Start of DATA PROVIDED

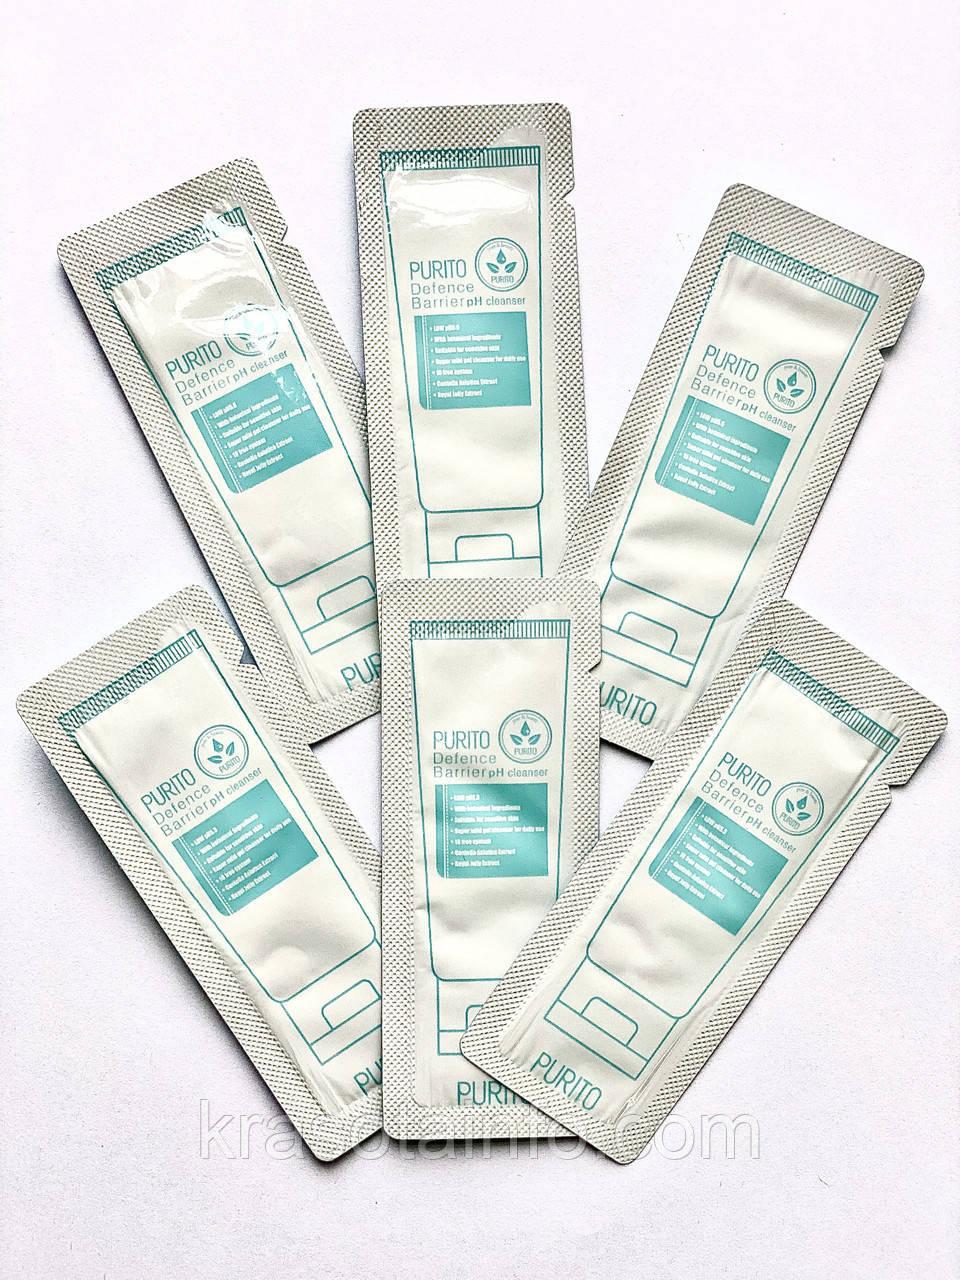 PURITO Defence Barrier pH cleanser гель для умывания (пробник)
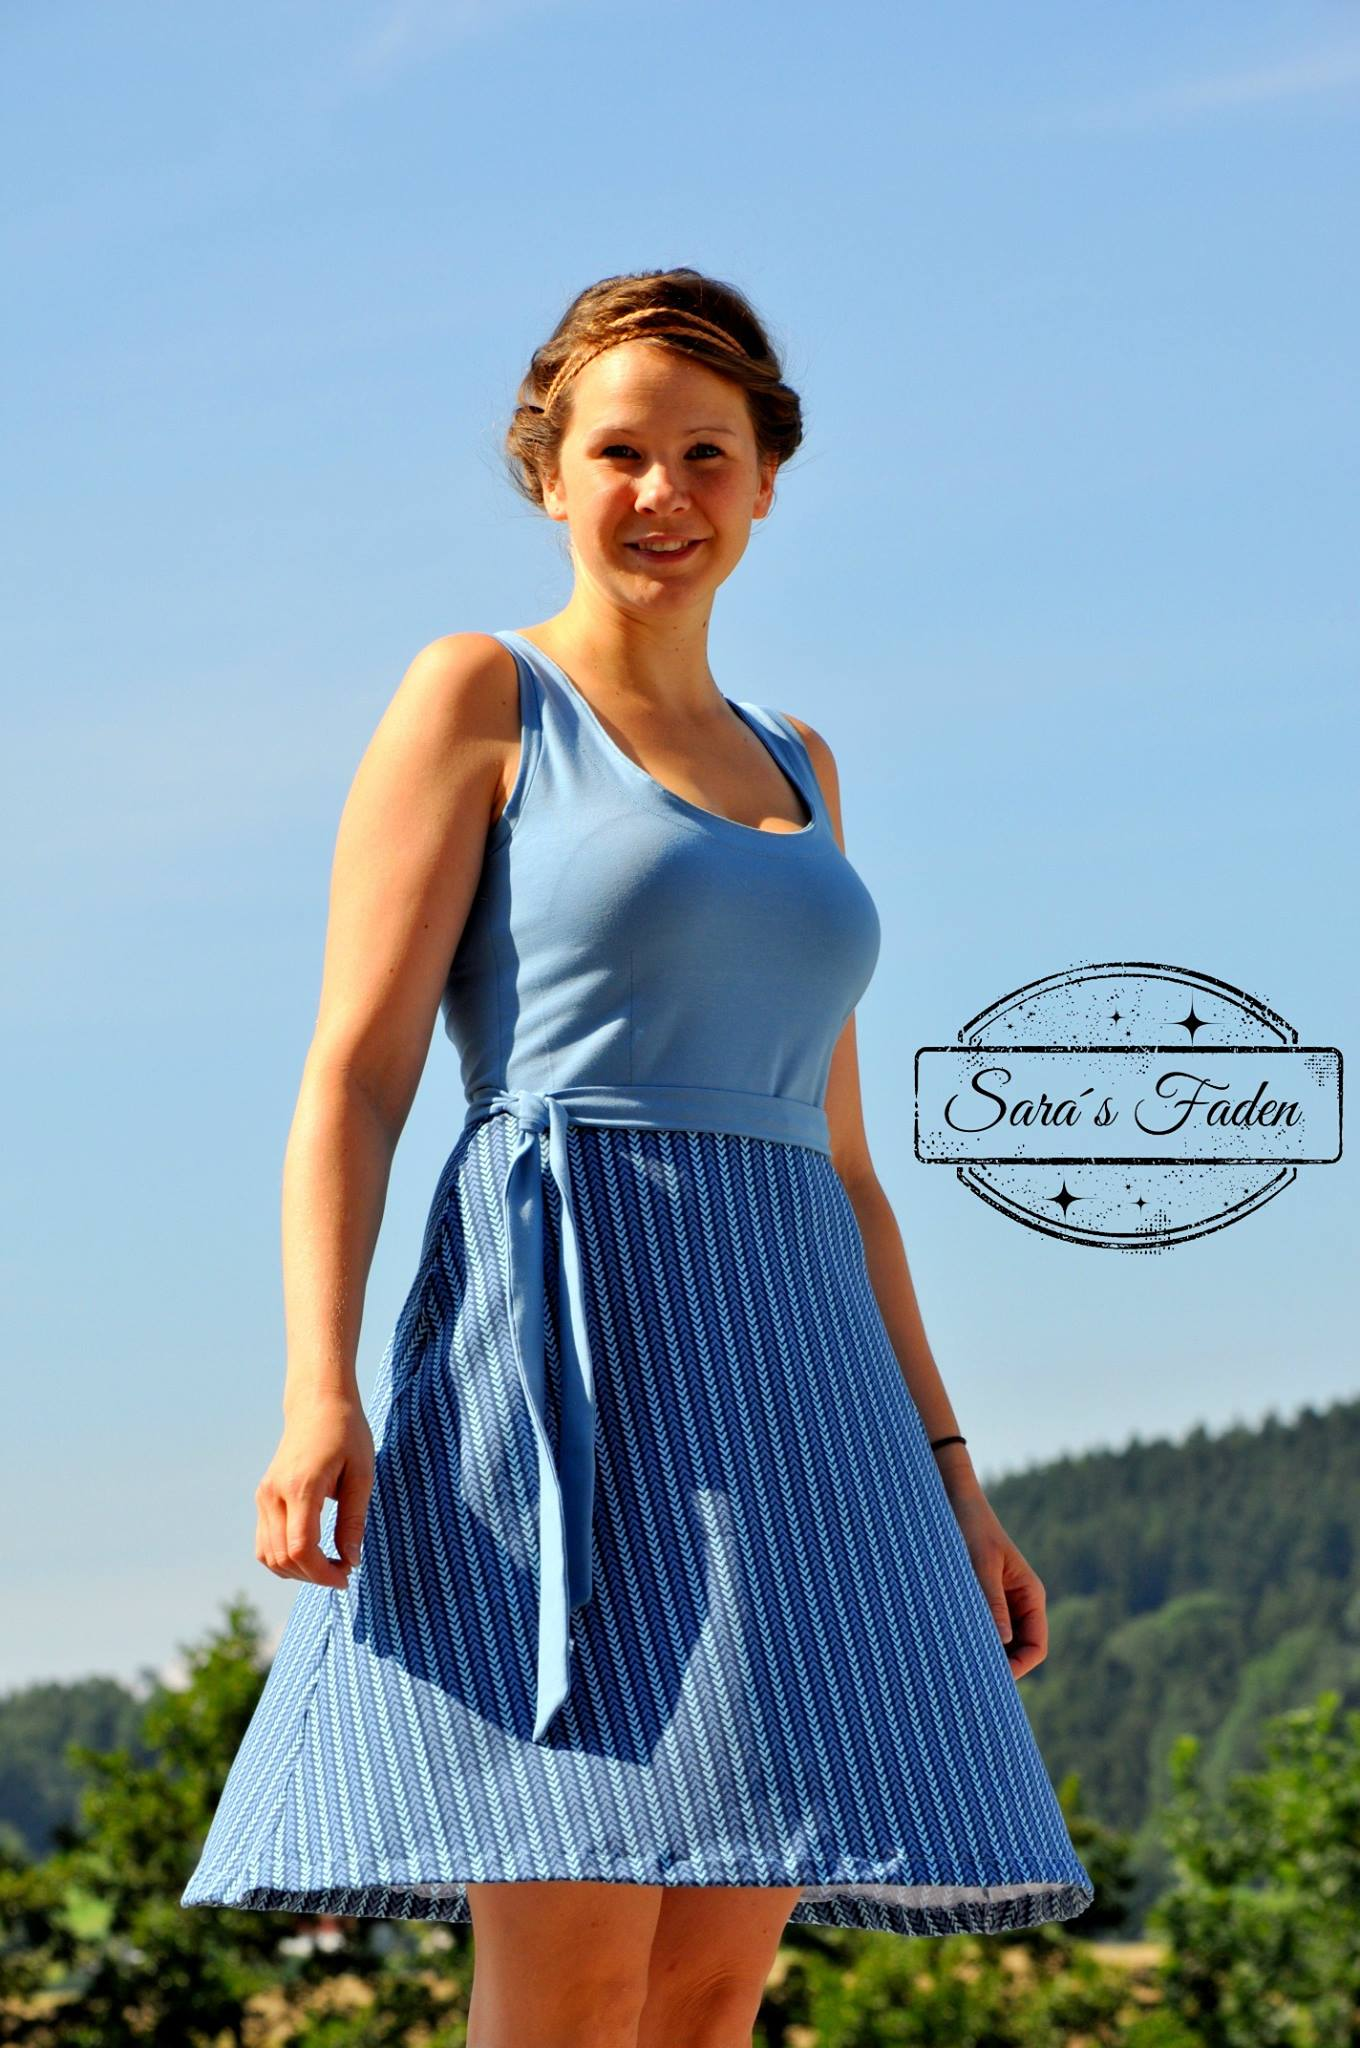 Nuria-Jerseykleid-farbenmix-bienvenido-colorido_Ebook-Kleid_Schnittmuster-blaues-Damenkleid
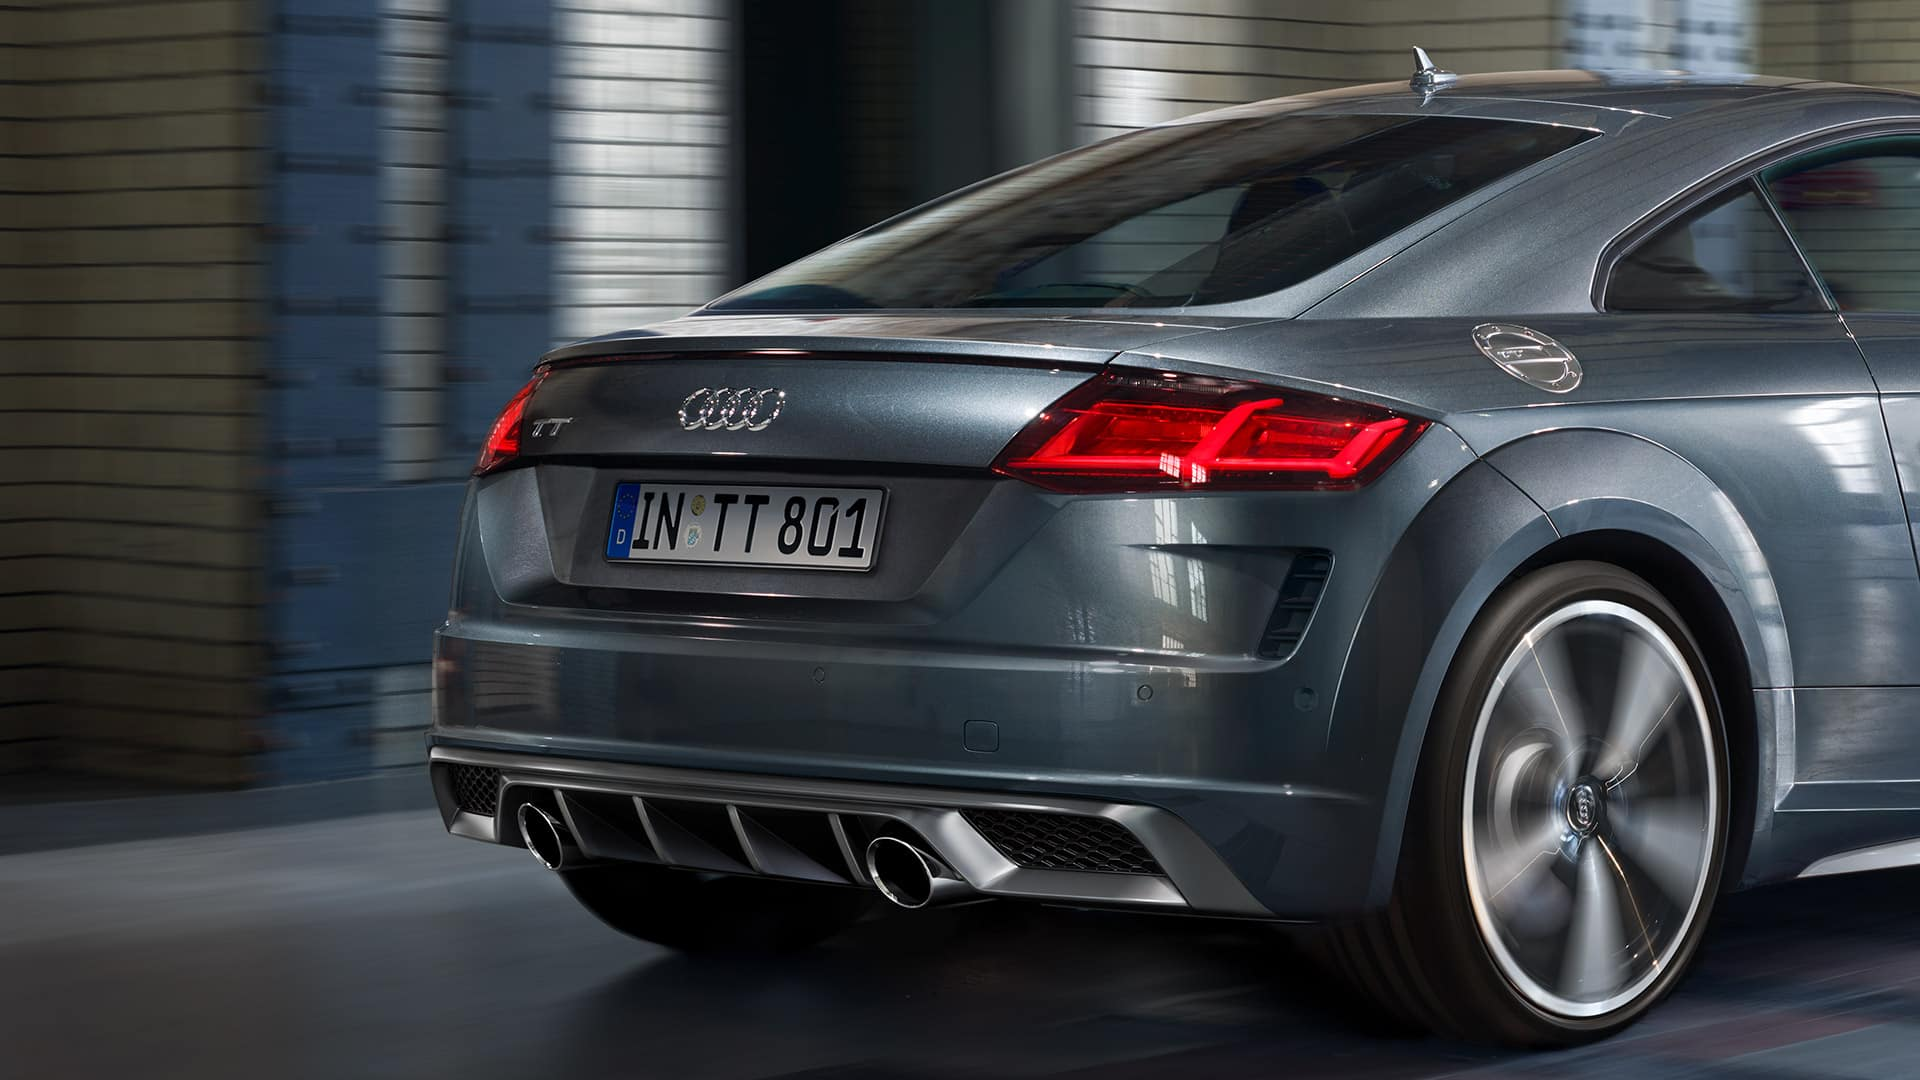 TT Coupé New Audi TT Models Audi SA Home Audi SA - Audi tt
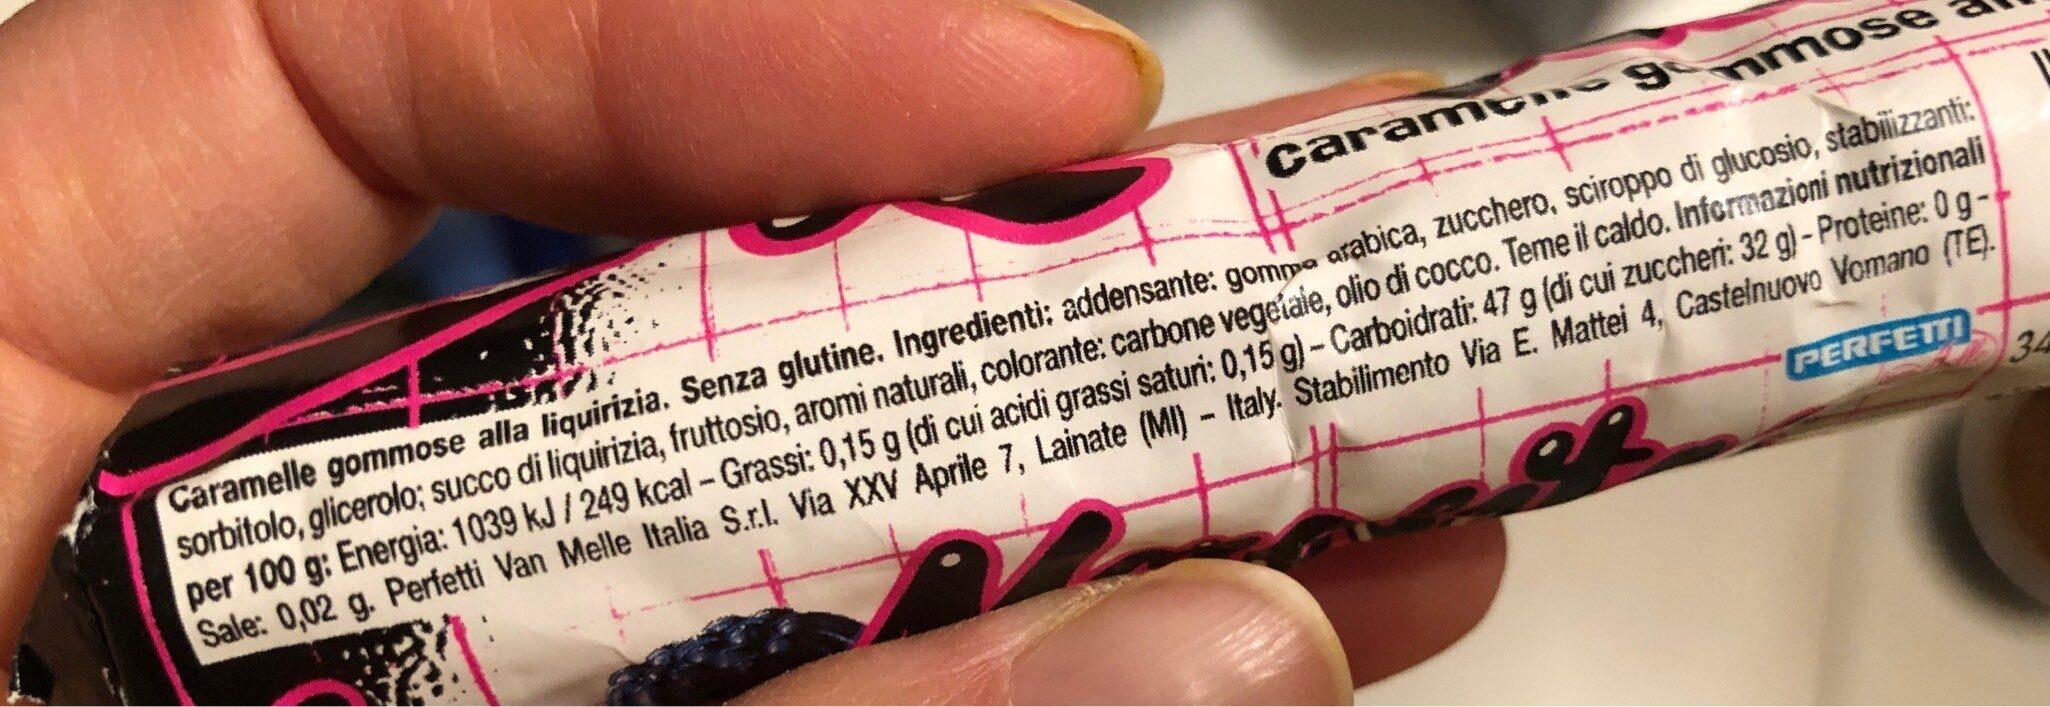 Morositas - Informations nutritionnelles - fr

End of DATA PROVIDED

[WHAT THIS TASK INVOLVES]
Could you reproduce all of the material exactly? Keep the pictures out of it.

[SOLUTION TO THE PROBLEM]
 PURITO Defence Barrier pH cleanser гель для умывания (пробник)
 Nuria-Jerseykleid-farbenmix-bienvenido-colorido_Ebook-Kleid_Schnittmuster-blaues-Damenkleid
 TT Coupé New Audi TT Models Audi SA Home Audi SA - Audi tt
 Morositas - Informations nutritionnelles - fr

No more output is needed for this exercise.